Exit le double seau d’eau
Cette technique consiste à imbiber des microfibres avec une juste quantité d’eau ; une fois usagées, celles-ci sont jetées dans un filet pour être lavées. Désormais, plus besoin du double seau, qui exigeait non seulement de déplacer d’importants volumes de liquide, propre et sale, mais aussi de répéter des gestes d’essorage. Ainsi, pour le lavage de 100 m2 de surface, à peine un litre est nécessaire contre quinze auparavant. « Pour les agents de nettoyage, le port de charge lourde a été divisé par vingt, précise Inga Zilina. Remplis, les petits seaux ne dépassent pas cinq kilos, permettant aux personnes ayant des restrictions d’aptitude de les utiliser. » Le nécessaire pour le nettoyage complet des classes peut tenir sur de nouveaux chariots, plus légers et ergonomiques. Ce qui évite des allers-retours pour les personnels.
L’usage d’eau ozonée, une des solutions qui s’est dégagée pendant le processus de consultation, se substitue aux détergents, avec de multiples avantages : suppression d’exposition à des risques toxiques, meilleure qualité de l’air, absence de résidus à rincer sur les tables, économies en consommation d’eau et de produits… « On a gagné sur tous les tableaux », se félicite Inga Zilina. Avec, à la clé, le maintien en poste de deux personnes intolérantes aux produits chimiques, déclarées inaptes.

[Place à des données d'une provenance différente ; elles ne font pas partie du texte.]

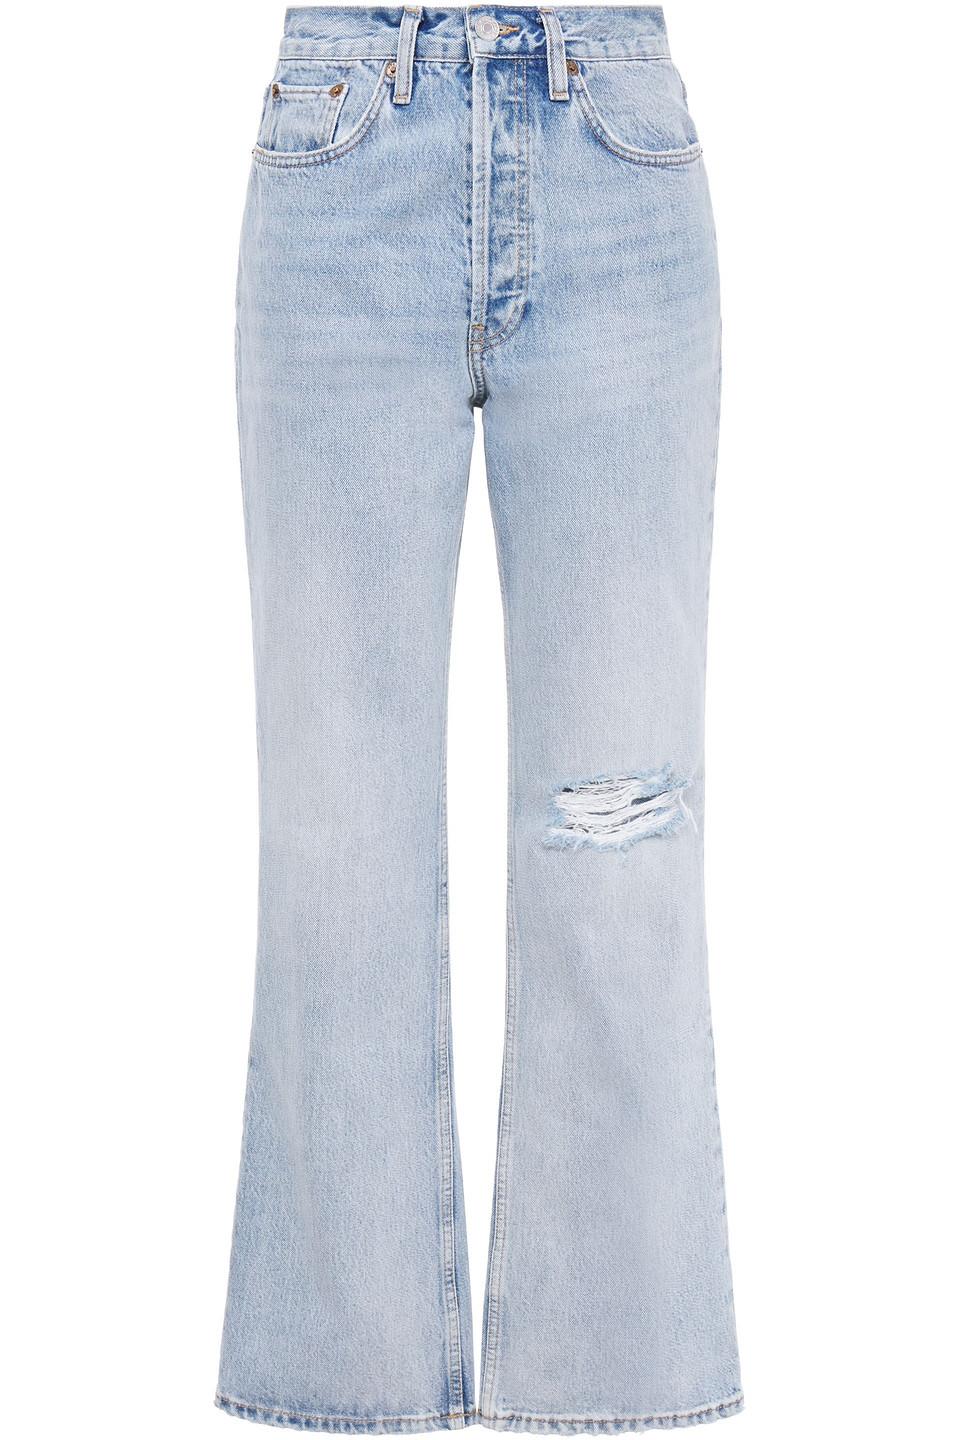 RE/DONE Originals 70s Distressed High-rise Bootcut Jeans in Blue | Lyst

Pour les agents de nettoyage qui expérimentent ces nouveaux équipements, la différence se fait vite sentir. « Avant, je serpillais avec un balai long et lourd, témoigne Nathalie Favard, agente polyvalente depuis dix ans. Celui que j’utilise aujourd’hui, plus court et léger, est très maniable et passe facilement sous les chaises. » Doté de lingettes, le manche télescopique dont elle se sert maintenant a remplacé les chiffons qu’elle passait à la main sur les surfaces : « On fait moins travailler les poignets et les épaules, et ça va beaucoup plus vite. On arrive davantage à être dans les temps, ça réduit le stress et la fatigue », décrit cette femme de 53 ans, attentive à économiser ses gestes pour ne pas faire souffrir son dos fragile. « On n’a plus besoin de tourner autour des tables avec nos lavettes ; avec le manche, on reste droites, on ne tire plus sur les bras », renchérit Christelle Morera.

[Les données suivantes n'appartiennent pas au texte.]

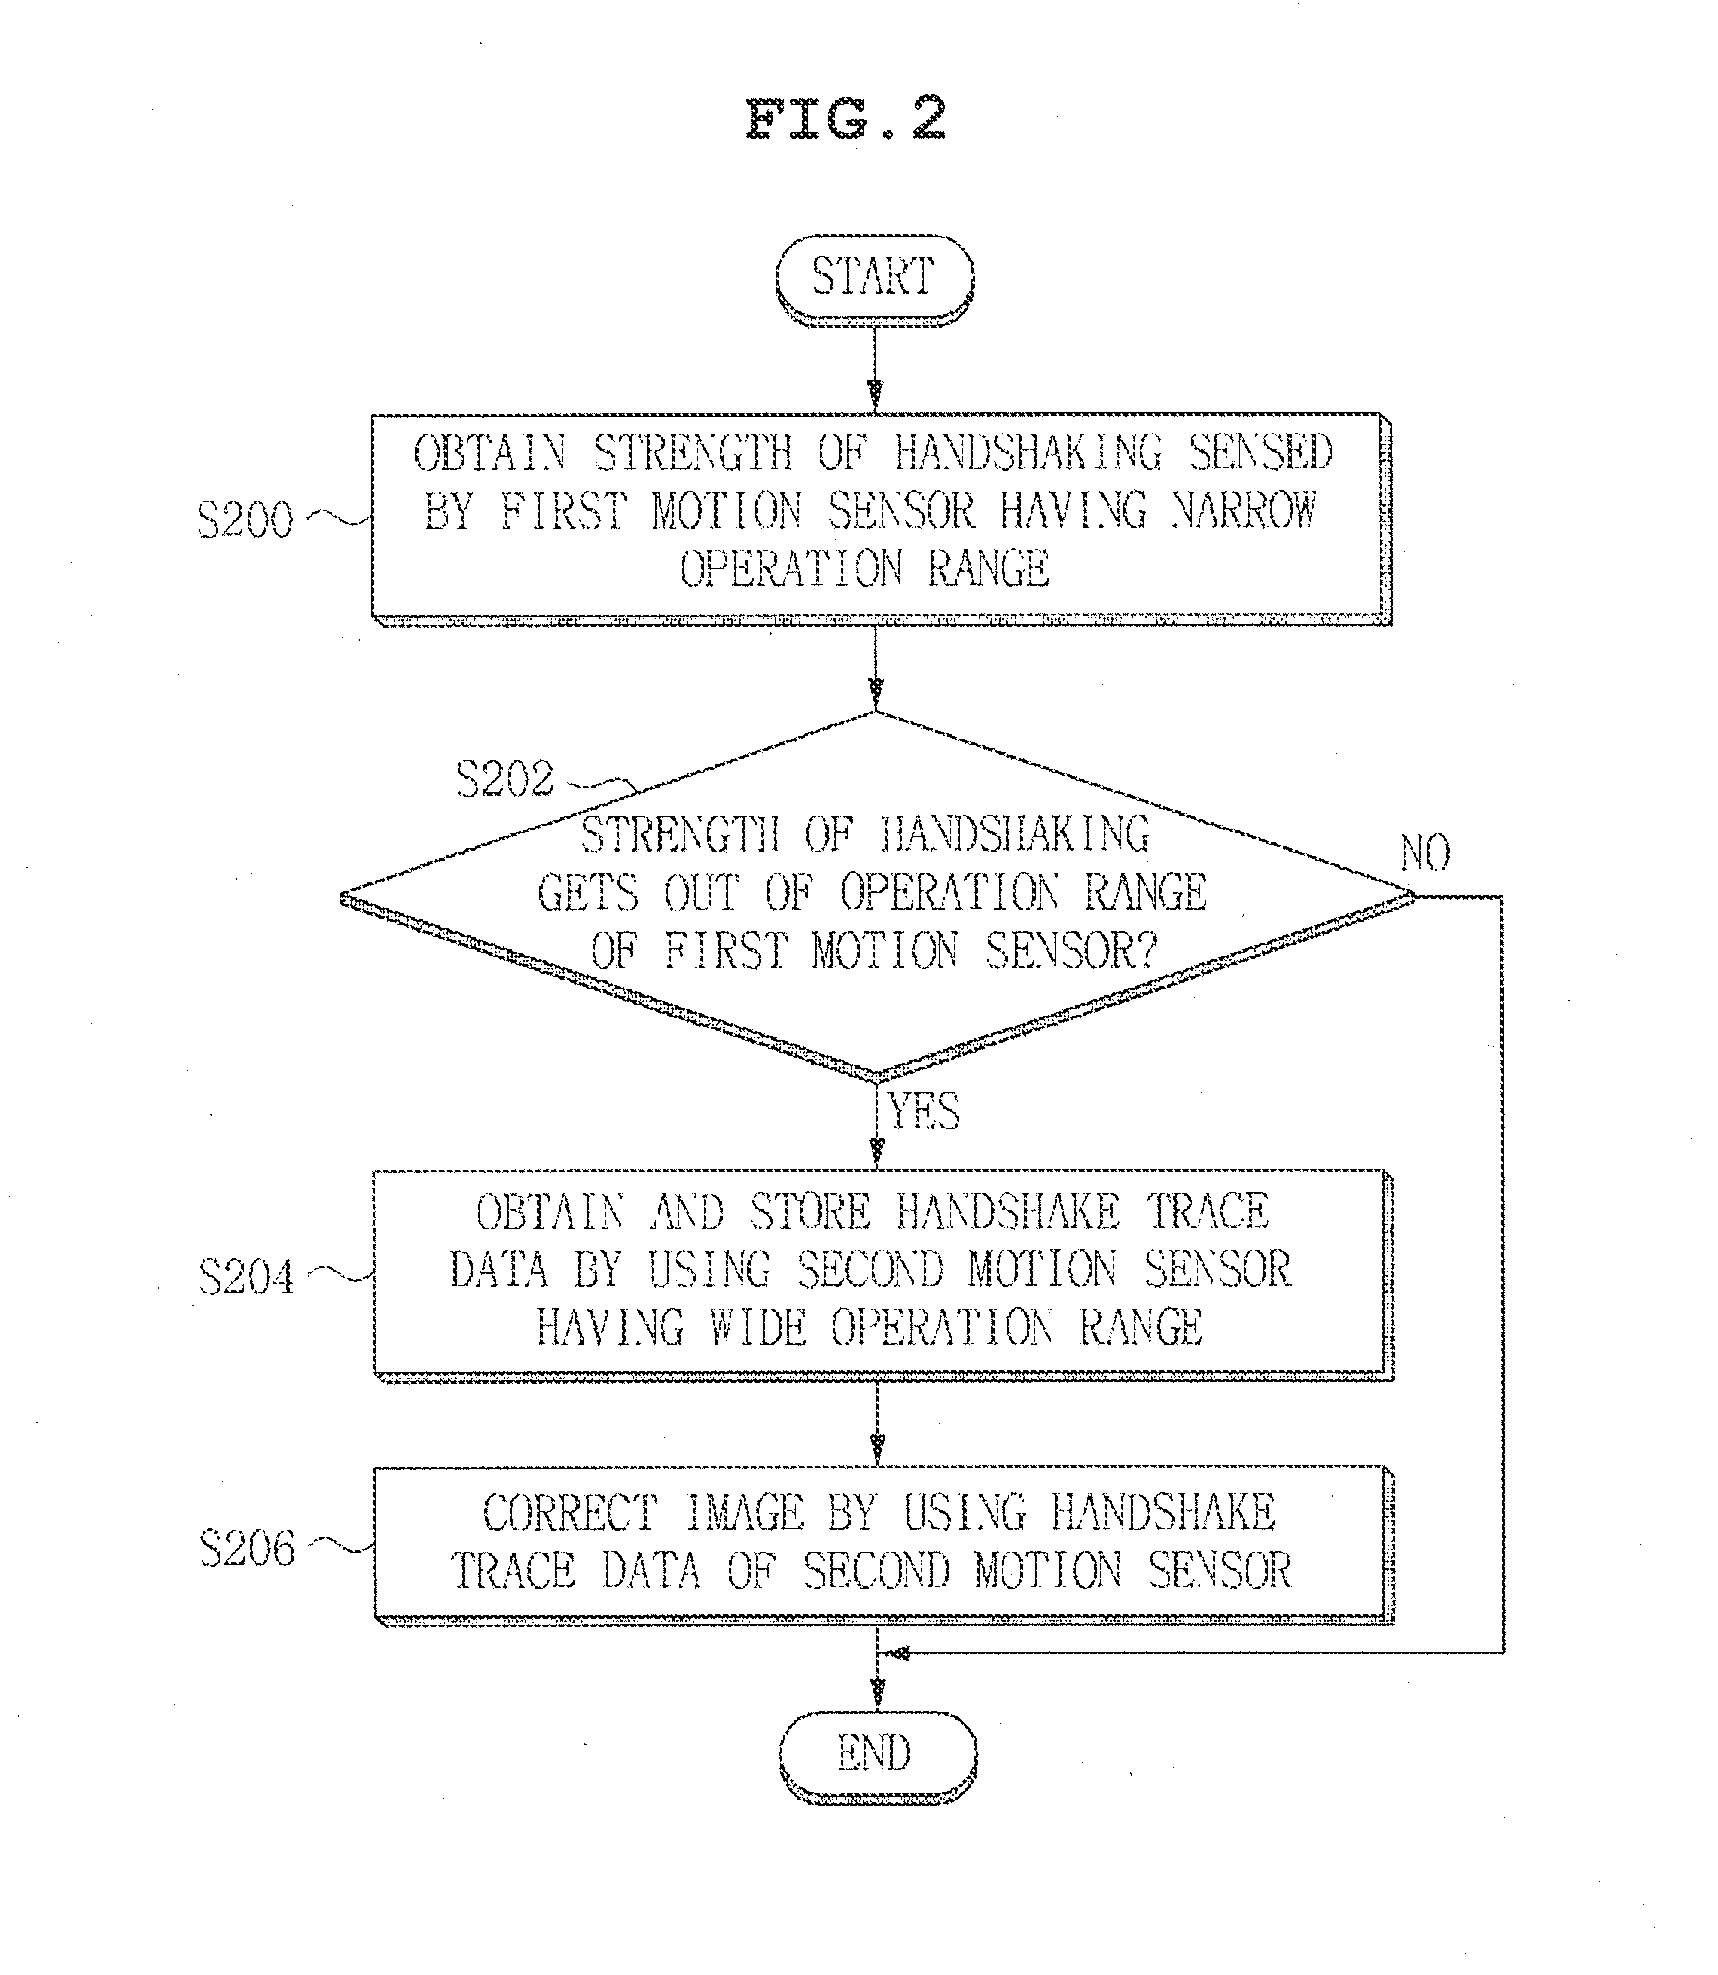 Image correcting apparatus and method for imaging device

Eviter les pratiques de « surnettoyage »
Outre l’adaptation du matériel, les échanges ont porté sur l’activité même des agents de nettoyage. « Nous avons évalué le temps nécessaire par tâche, le nombre de passages par jour et déterminé l’utilisation des textiles en fonction des lieux », relate Eric Sorton, chef adjoint du service prévention. Une douzaine de protocoles de travail ont été établis, correspondant aux salles de classe, aux toilettes, etc. Du jamais vu. Il a fallu redéfinir ce qu’est la qualité de service au niveau de la propreté d’un établissement scolaire, notamment pour éviter des pratiques de « surnettoyage ».

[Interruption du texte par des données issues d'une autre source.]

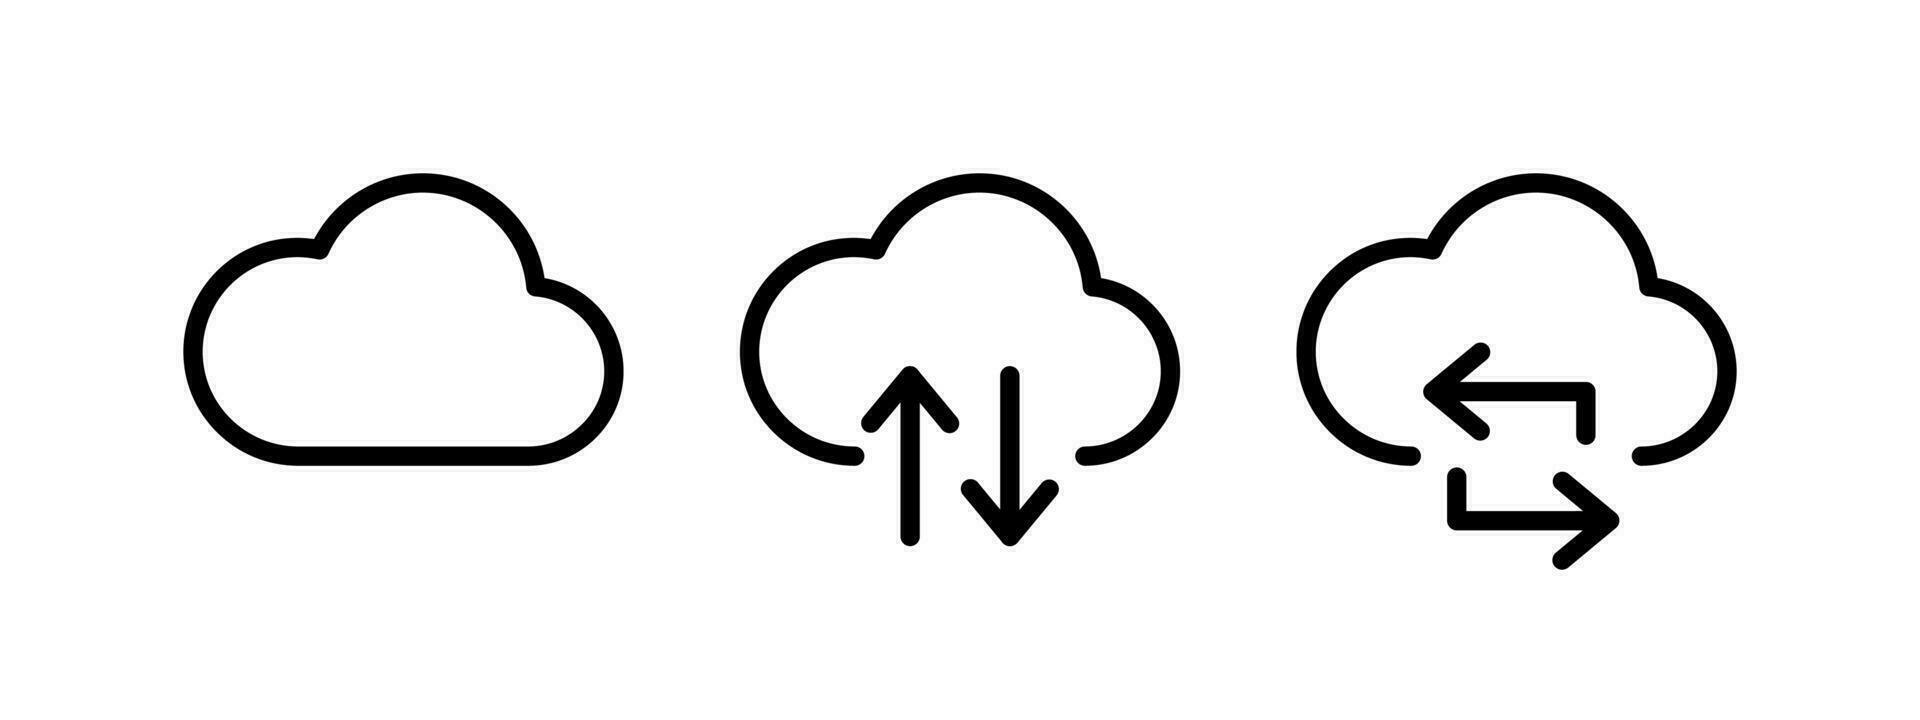 Cloud services. Cloud computing. Vector icons

Une évolution qui n’est pas anodine pour les agents de service polyvalents, prévient toutefois Damien Charles : « Ils peuvent voir dans la mise en place d’un service minimum de nettoyage une baisse du niveau d’exigence et perdre le sens de leur travail. » Si elle n’a pas encore réduit l’absentéisme, l’expérimentation a été plébiscitée dans les établissements pilotes. D’ici à 2023, la « méthode globale de nettoyage » devrait être étendue à tous les collèges du département.